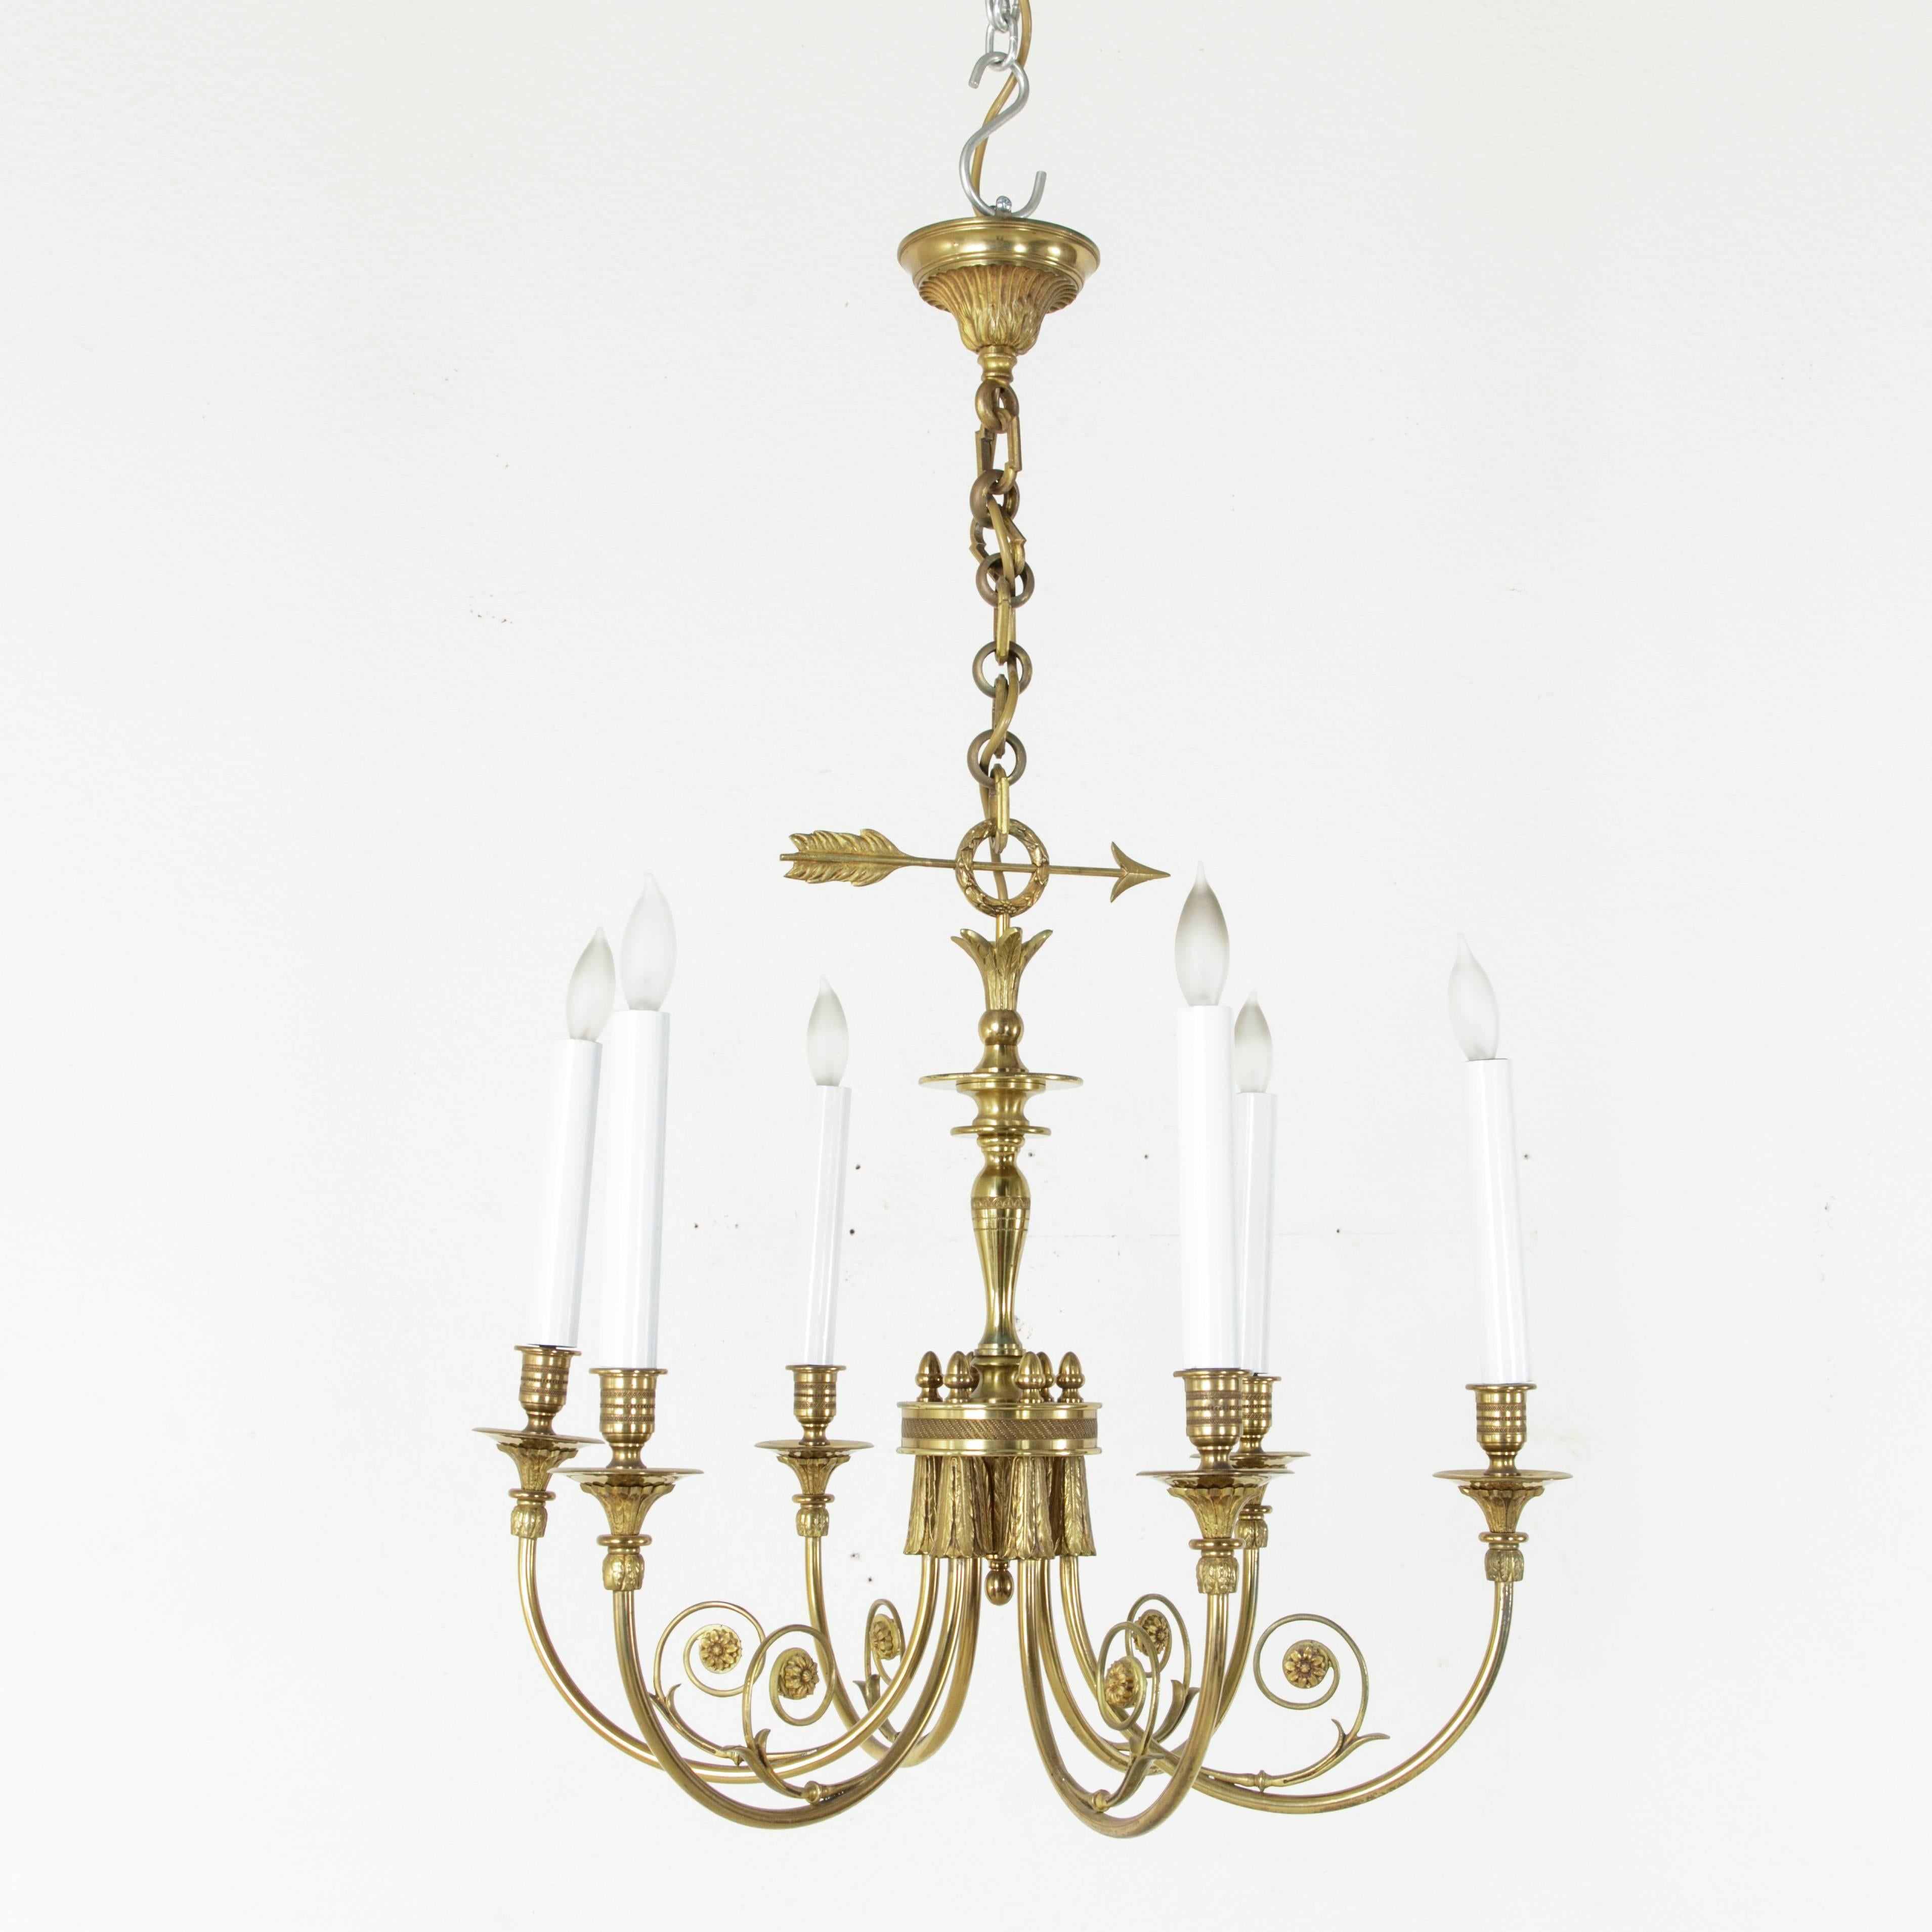 This elegant and classic bronze Directoire style French chandelier is of brightly polished solid bronze. The six arms each feature a curling frond ending in a single rosette while the central column is detailed with feather and arrow finials. Each
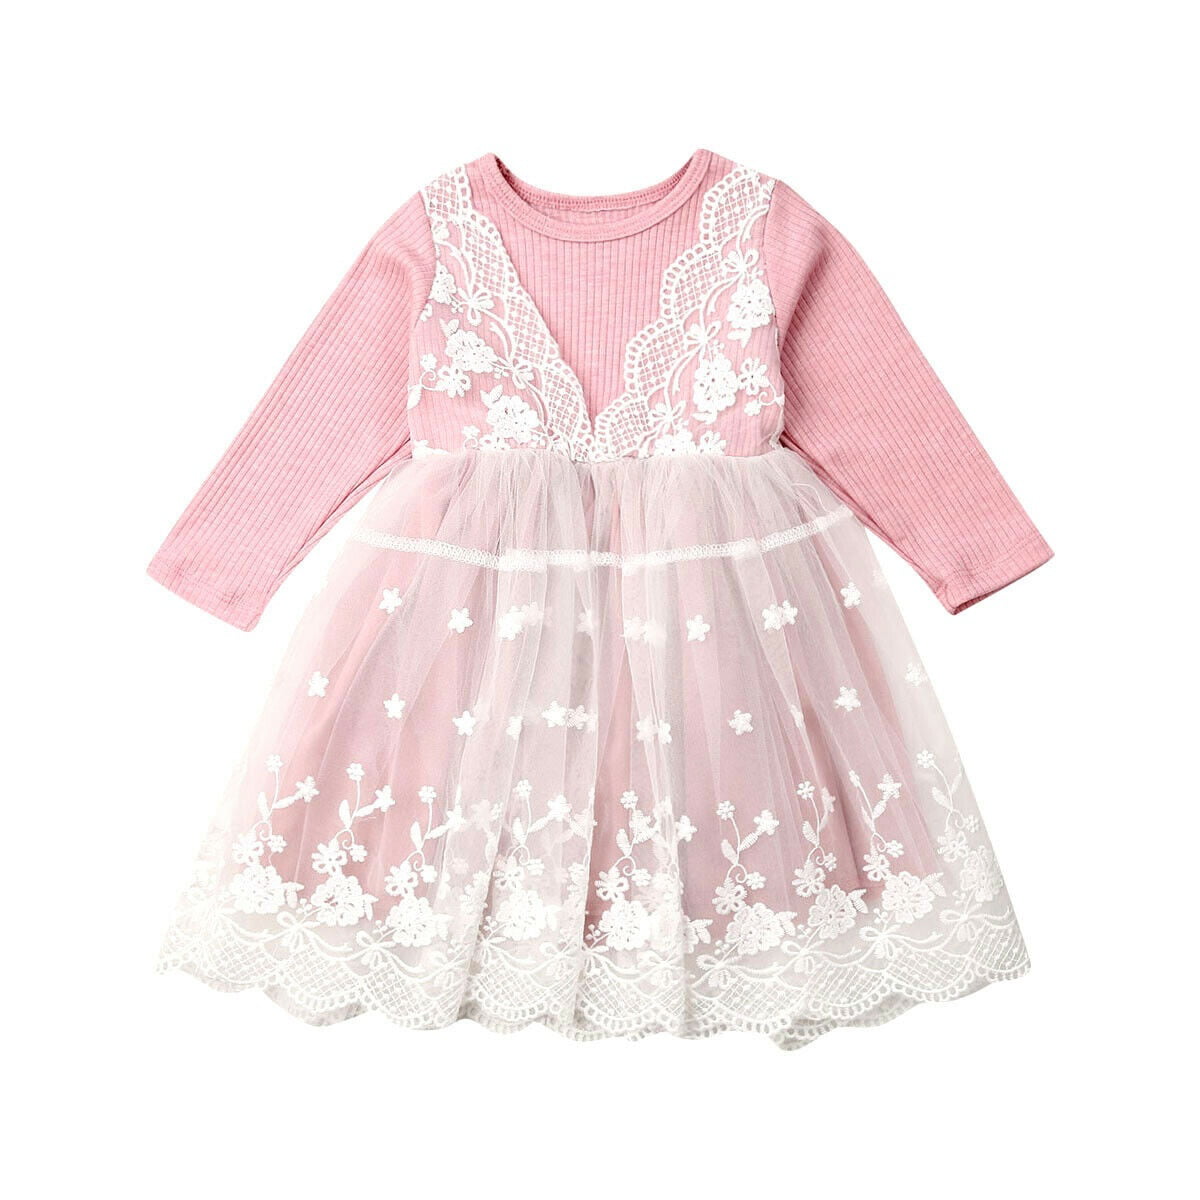 Toddler Baby Girl Floral Long Sleeve Tulle Tutu Princess Dress Outfits Clothes
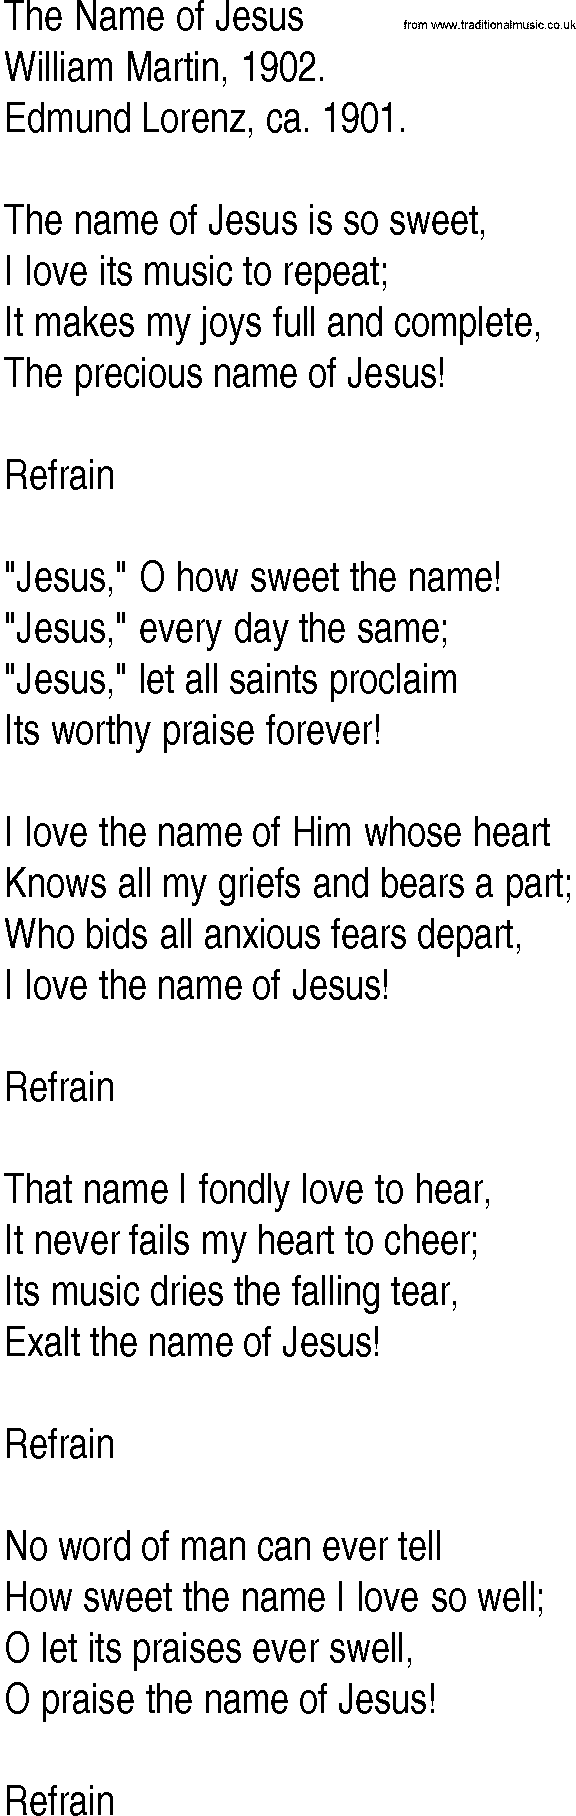 Hymn and Gospel Song: The Name of Jesus by William Martin lyrics
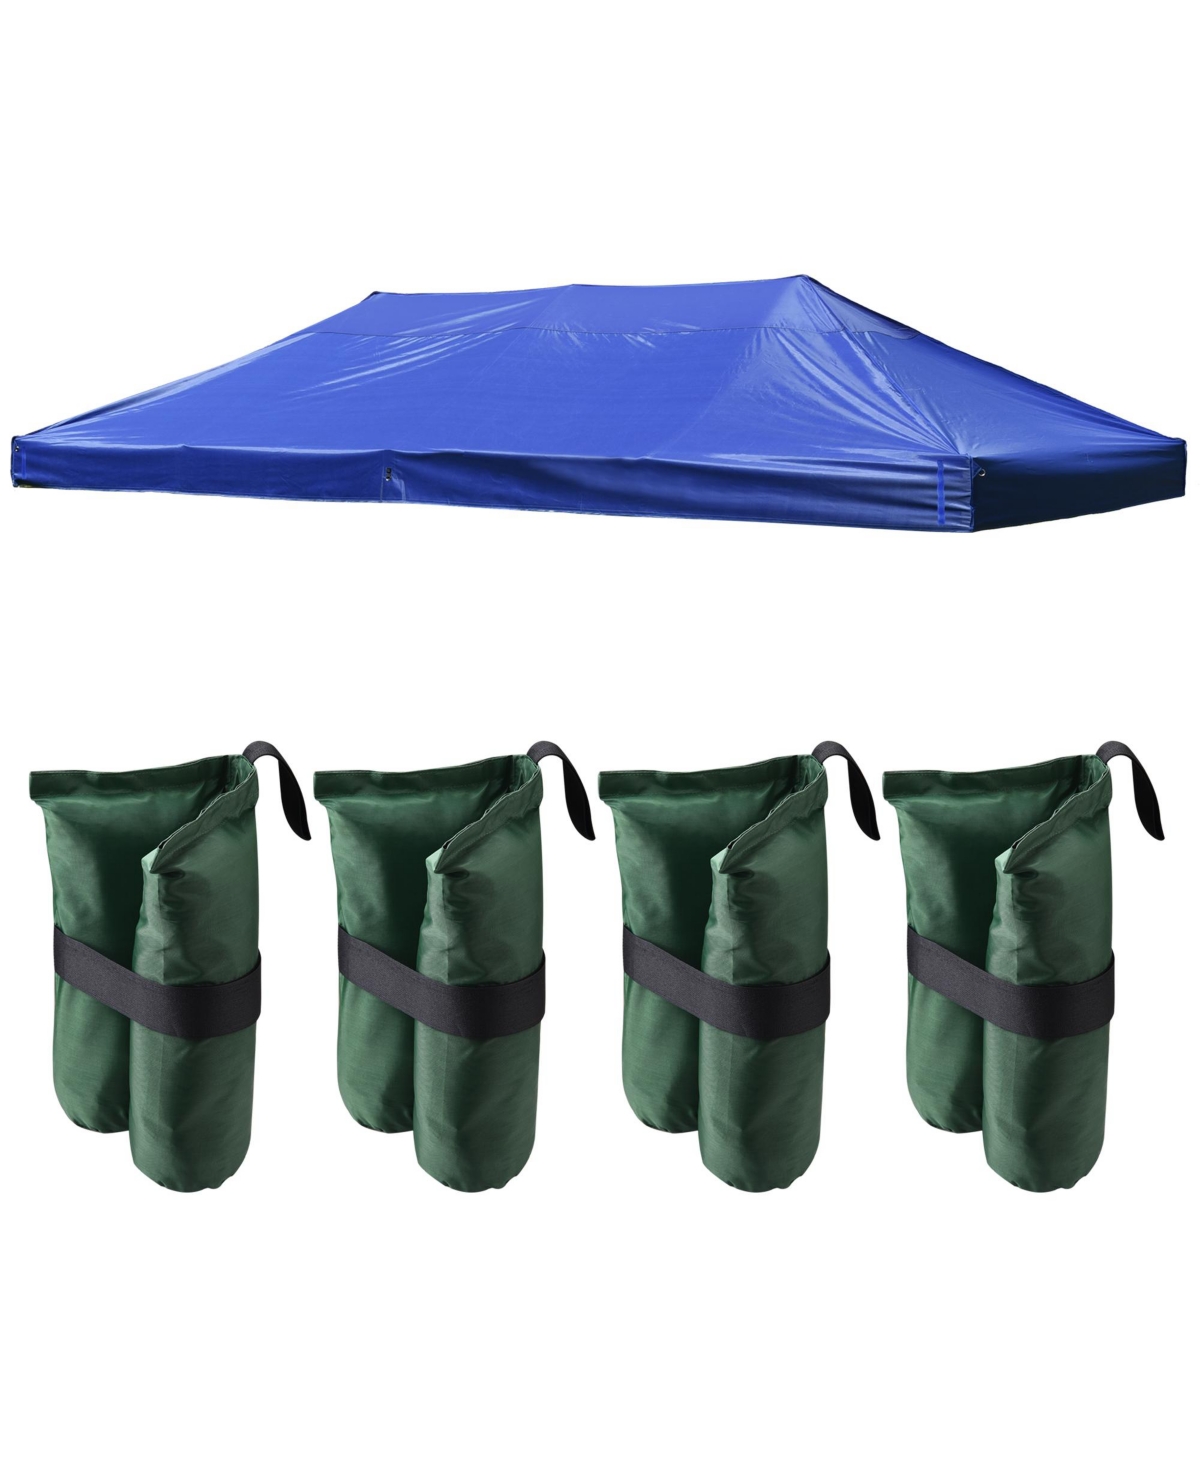 InstaHibit 10x20 Ft Pop up Canopy Top with 4 Sand Weight Bags Beach Camping Yard - Blue

*WHAT YOU SHOULD DO*.
Restate the data above word for word. Skip every picture.

*ANSWER*.
 This elegant and classic bronze Directoire style French chandelier is of brightly polished solid bronze. The six arms each feature a curling frond ending in a single rosette while the central column is detailed with feather and arrow finials. Each
 Toddler Baby Girl Floral Long Sleeve Tulle Tutu Princess Dress Outfits Clothes
 Hymn and Gospel Song: The Name of Jesus by William Martin lyrics
 InstaHibit 10x20 Ft Pop up Canopy Top with 4 Sand Weight Bags Beach Camping Yard - Blue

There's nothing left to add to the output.